10/31/2006

Those crazy spammers are sure getting more clever. Now they’re sending e-mail messages with gigantic blue links in them:

Luckily they’re using easy-to-remember web site names, so I can return over and over to buy my “male performance” products. Why, just the other day I was thinking how I should visit okliondeyunjdefunpsade.com!

10/28/2006

No, they’re not dead.

Laralee rented a DVD called Yoga for Athletes, and she and Kyra were using it the other day. I came upstairs from my office and found them laying on the floor like this. Apparently it’s some kind of exercise. Imagine how many calories they’re burning!

10/27/2006

Alex has a friend at school whose nickname is “Cheeto”, presumably because he enjoys snacking on Cheetos. When asked about his own nickname, Alex responded that it was “Calculator”. He admitted, however, that it was a name he invented for himself, and in fact no one really calls him that.

However, the planets must have been aligned or something because we went to the kids’ school tonight for their annual Fall Festival, where the kids play games and win candy or crappy plastic toys. Two things happened.

First, we ran into Cheeto. He was– surprise!— walking around with a bag of Cheetos, getting little orange crumbs all over his shirt. He said hi to Alex and tagged along with us for a bit.

Second, and even funnier, we were walking along and one of Alex’s classmates said hi to him and mentioned to another kid standing there, “He’s really smart.” A third kid in the hall chimed in with, “Yeah, he’s like a calculator.”
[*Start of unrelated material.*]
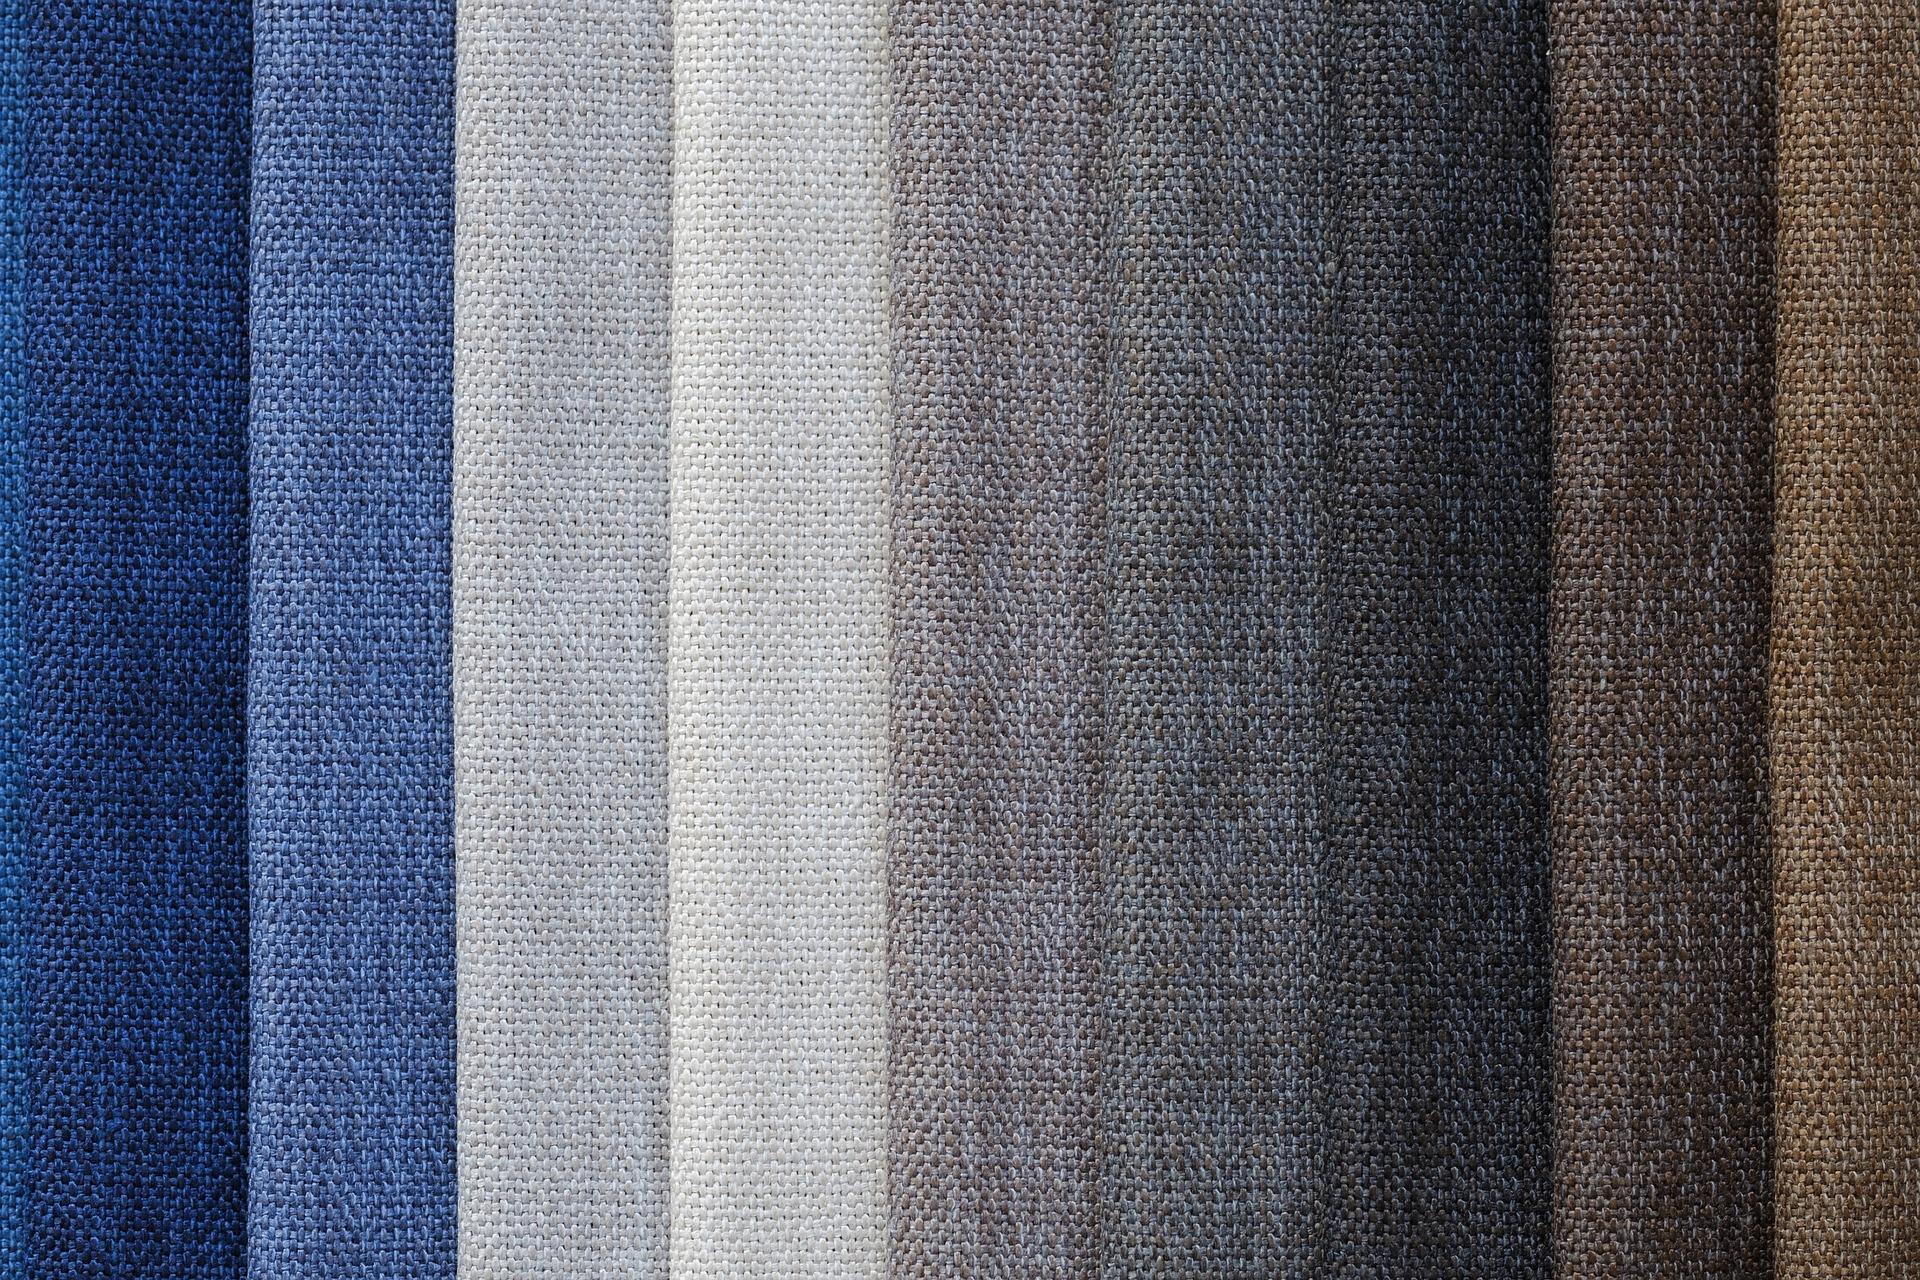 fabric-3506846_1920.jpg

I thought it was a riot. I guess Cheeto and Calculator live up to their names.

10/26/2006

Questions and selected answers from an elementary-school test:

What causes the tides in the oceans?
The tides are a fight between the Earth and the Moon. All water tends to flow towards the moon, because there is no water on the moon, and nature hates a vacuum. I forget where the sun joins in this fight.

What happens to a boy when he reaches puberty?
He says good-bye to his boyhood and looks forward to his adultery.
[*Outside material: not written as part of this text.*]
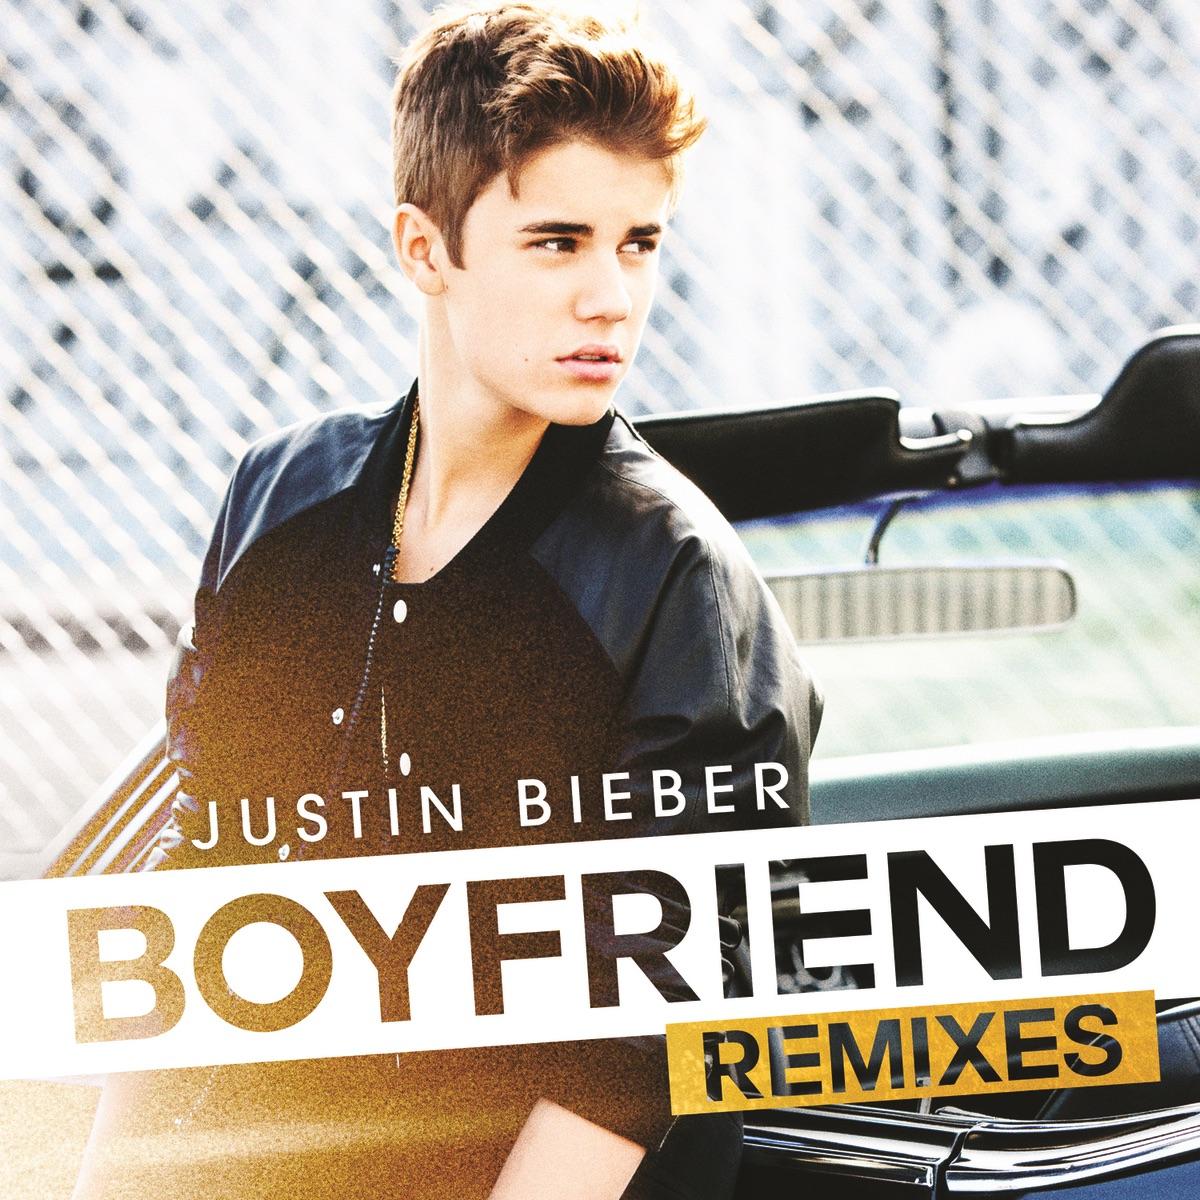 Justin Bieber - Boyfriend (Remixes) Cover

How are the main parts of the body categorized? (e.g., abdomen)
The body is consisted into three parts: the brainium, the borax, and the abdominal cavity. The brainium contains the brain; the borax contains the heart and lungs, and the abdominal cavity contains the five bowels, A, E, I, O, and U.

What is the fibula?
A small lie.

What does “varicose” mean?
Nearby.

What does the word “benign” mean?
Benign is what you will be after you be eight.

10/19/2006

President Bush, in defending the Military Commissions Act he signed into law this week, said something profound– something that basically sums up the entire position he has been using to justify all of the horrid things the government has pursued for the past five years:

Over the past few months the debate over this bill has been heated, and the questions raised can seem complex. Yet, with the distance of history, the questions will be narrowed and few: Did this generation of Americans take the threat seriously, and did we do what it takes to defeat that threat? Every member of Congress who voted for this bill has helped our nation rise to the task that history has given us.
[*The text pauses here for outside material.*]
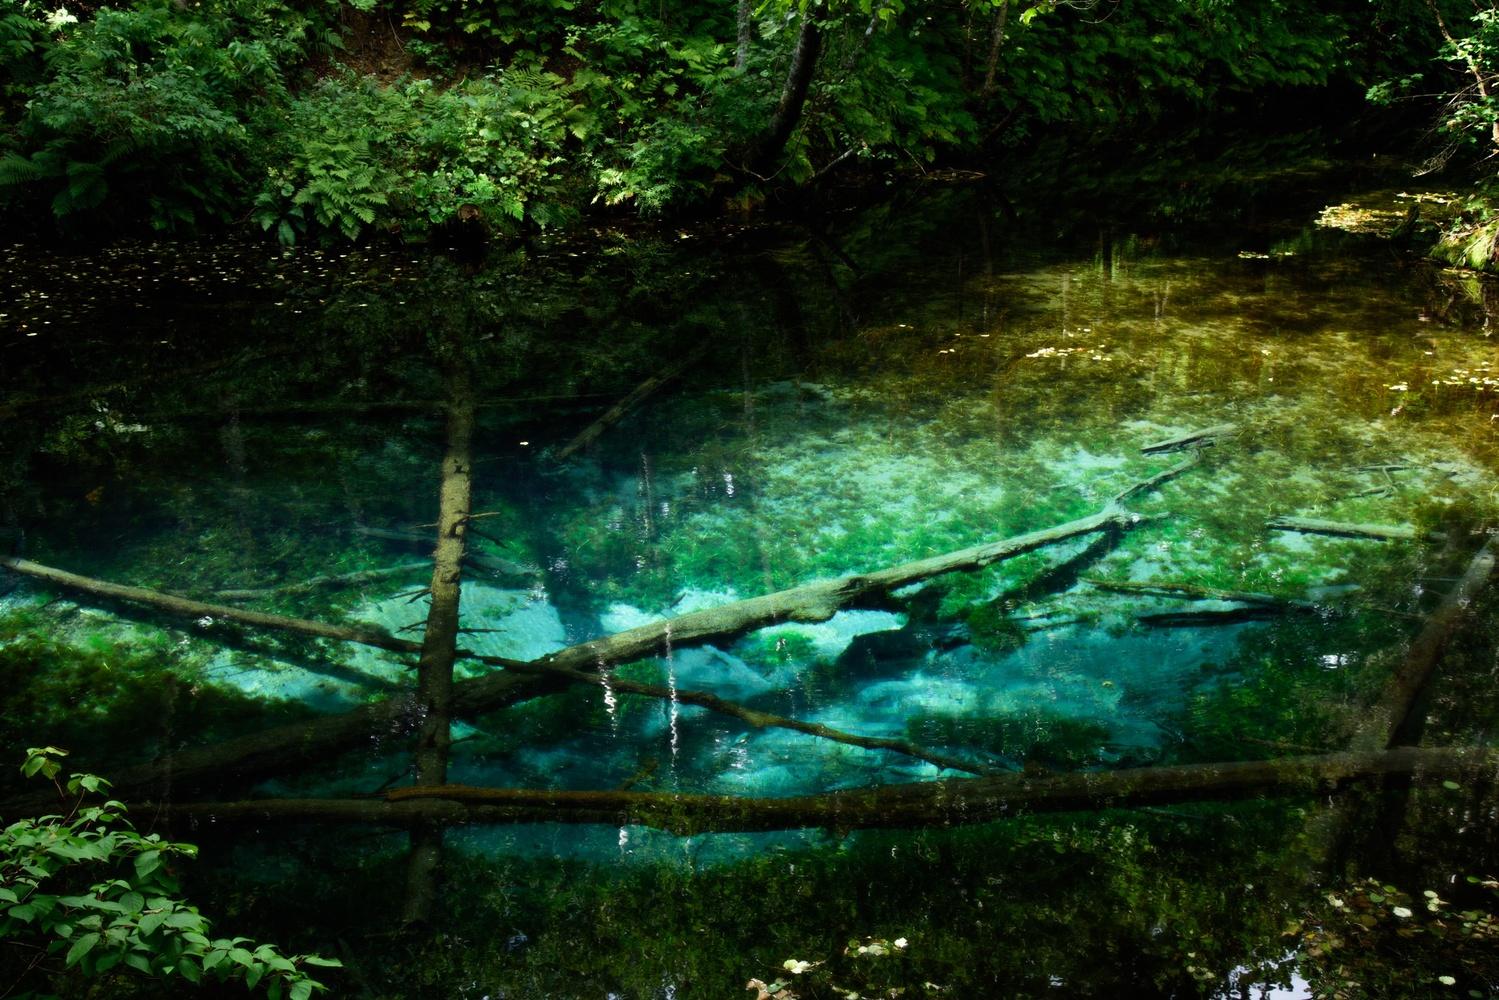 Kaminoko pond by Masataka Inada

This is a ridiculous argument. It is government excesses, and overreaction to a situation, that cause more problems than they solve. We can never truly be completely safe, and even if we give up all of our rights, we will find there are still ways we can be hurt. The ever-present threat of the Terrorists is one that will never disappear.

Dr. Joseph Elias, a professor of history, wrote in the New York Times:

What does history tell us about our earlier responses to traumatic events? My list of precedents for the Patriot Act and government wiretapping of American citizens would include:

  • The Alien and Sedition Acts in 1798, which allowed the federal government to close newspapers and deport foreigners during the “quasi-war” with France
  • The denial of habeas corpus during the Civil War, which permitted the pre-emptive arrest of suspected Southern sympathizers
  • The Red Scare of 1919, which emboldened the attorney general to round up leftist critics in the wake of the Russian Revolution
  • The internment of Japanese-Americans during World War II, which was justified on the grounds that their ancestry made them potential threats to national security
  • The McCarthy scare of the early 1950’s, which used cold war anxieties to pursue a witch hunt against putative Communists in government, universities and the film industry.

In retrospect, none of these domestic responses to perceived national security threats looks justifiable. Every history textbook I know describes them as lamentable, excessive, even embarrassing.

But it defies reason and experience to make September 11 the defining influence on our foreign and domestic policy. History suggests that we have faced greater challenges and triumphed, and that overreaction is a greater danger than complacency.

Yet the Terrorists are still “out there”, and I’m sure the current administration– with help from Congress, no matter who wins the impending elections– will do everything they can to pursue their inattainable and truly ridiculous goal.

10/19/2006

Mmm… I have my new widescreen LCD monitors now. It’s amazing what a few extra inches can do for a guy. (Hah!)

It reminds me of the classic song “It’s All about the Pentiums” by Weird Al Yankovic:

“I’ve got a flatscreen monitor forty inches wide; I believe yours says ‘Etch a Sketch’ on the side.”